Make Data your ally … and avoid these top five mistakes that have cost companies millions!
Articles • Central Innovation • 7 May 2019
We all make mistakes – but even a simple typo due to lack of concentration, fatigue or simply bad eyesight can be more costly than you might first imagine!
In our modern world, transferring data from one software platform to another is a crucial component of the product development process. But surprisingly, a lot of our customers are still utilising a manual approach to data transfer – that is, somebody takes the design data and keys it in for the production department. And here’s where the inevitable human error steps in!
Unless your staff are superpowered, or you can afford the time-consuming task of having every bit of data entry not only double but triple checked, then – as the poet Robert Burns put it – ‘the best laid plans o’ mice and men’ are apt to go awry. Or, as we say in more modern vernacular – albeit politely – stuff happens.
And it’s not just a question of a slip of the typing finger. Data can be misplaced, staff may not fully understand the correct procedures, or they may be under the gun due to work pressures. These and other issues all affect quality control – and unfortunately, more often than many of us would like to admit.
Research shows that only 47 per cent of companies think they are being efficient in their passing of data between steps of a product lifecycle. In fact, one study found that 88 per cent of spreadsheets contain at least one (or more!) serious errors.
We are in an era of digital transformation, where all businesses must bring their A game to not get left behind. Implementing changes to your data transfer process will not only be beneficial for business today, but essential for survival tomorrow!
So why not embrace change, improve your processes with DataSuite, and make data your ally … not the cause of your headaches!
From typos to miscalculations, to simple copy and paste errors … here are the top 5 manual data entry errors! Hope your business doesn’t make it to the next list!
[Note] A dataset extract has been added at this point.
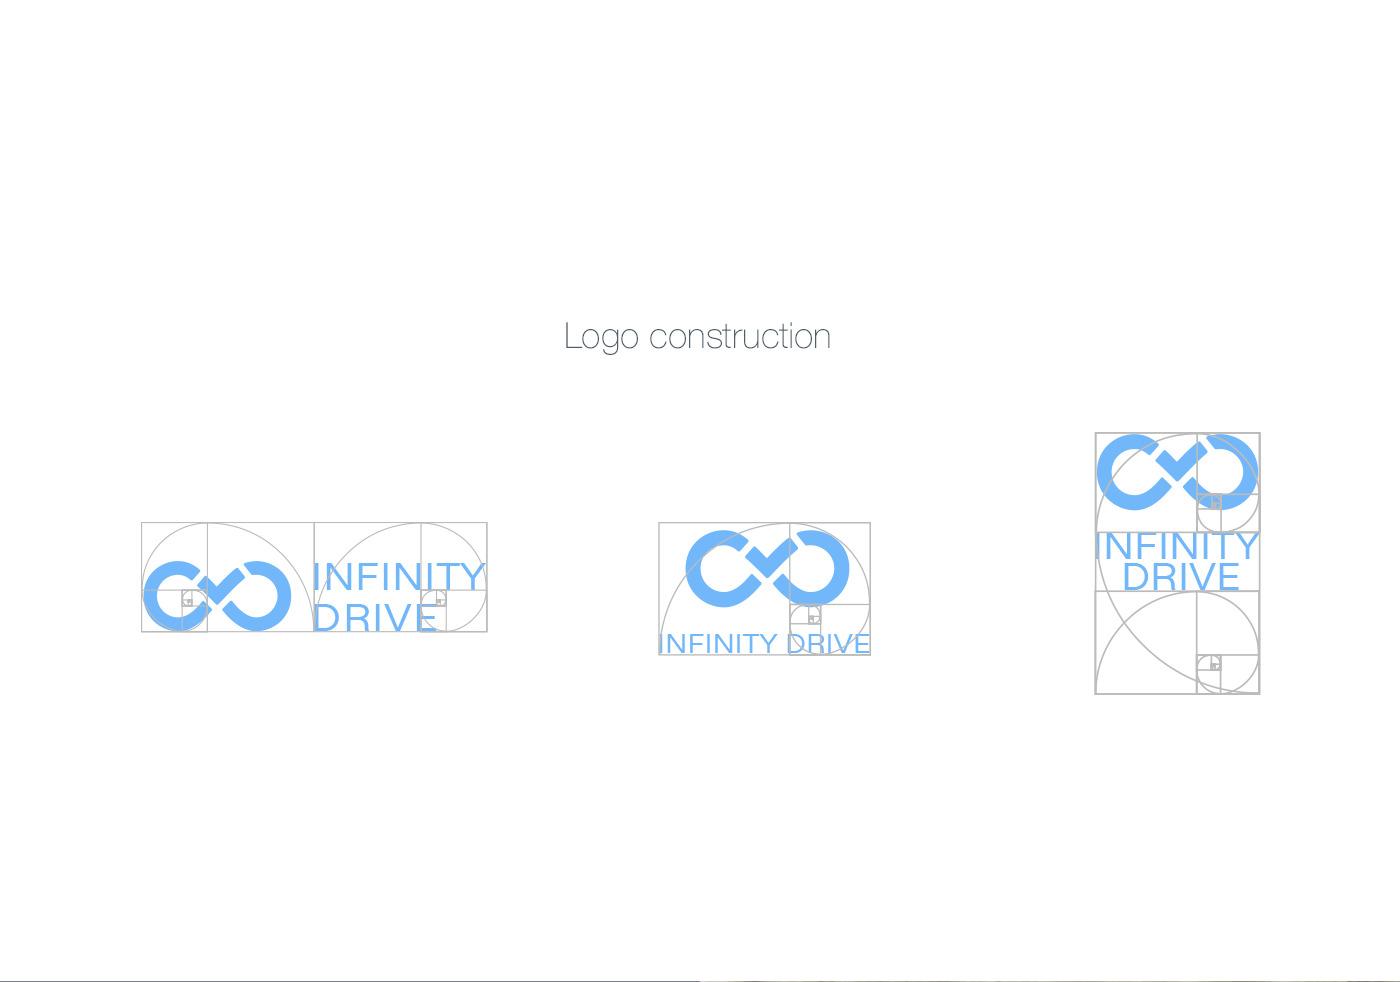 infinity drive logo construction

- Typing error costs Japanese share-trading company $225 million. In 2003, Mizuho Securities of Japan planned to sell a single share of J-Com for some 610,000Yen. But a trader’s typo led instead to 610,000 shares put up for sale at the bargain basement price of 1Yen! The sale went ahead even though the number of shares up for grabs was more than Mizuho Securities owned – costing the business more than $225 million. 
- An Excel Spreadsheet copy and paste error cost Canadian power company TransAlta $24 million when spreadsheet rows were misaligned. This meant bids were put against the wrong contracts, shearing 10 per cent off the company’s yearly profit at a single keystroke.
- Another Excel typo was responsible for Kodak’s $11 million severance error in 2005. An employee typed too many zeros on a severance record leading to an overstatement of $11 million, sending Eastman Kodak stock into a spiral due to last-minute accounting adjustments!
- Excel user error was the cause of JP Morgan’s infamous London Whale debacle. An employee copied the wrong information from one spreadsheet and pasted it to another to create a value-at-risk (VaR) model which understated the company’s risk and contributed to a $6 billion trading loss.
- A template error led to the release of confidential information from drug company AstraZeneca in 2011 – due to the apparently innocuous combination of a ‘routine consensus collection process’ and an Excel template! Embedded in the template was confidential corporate data and this was sent to analysts along with the rest of the financial package.
The solution to all these problems is to automate your data transfer! You can protect against the above errors and make data your strongest ally with DataSuite.
DataSuite does this by:
Delivering a seamless interface for different data and different systems, focusing your business back to what it does best and away from mistakes, complicated systems and the need for tedious and time-consuming manual transfer.
By automating data loads and movement, DataSuite removes the risk of human error. It builds on this by connecting different systems so they can act as one, marrying different data into a single usable data environment where all data can be exploited as one dataset – including the specific business rules you need to add to the process.
Finally, all this can be taken to the ultimate level – with DataSuite programmed to enhance data to support more sophisticated systems and process automation, usage and capability.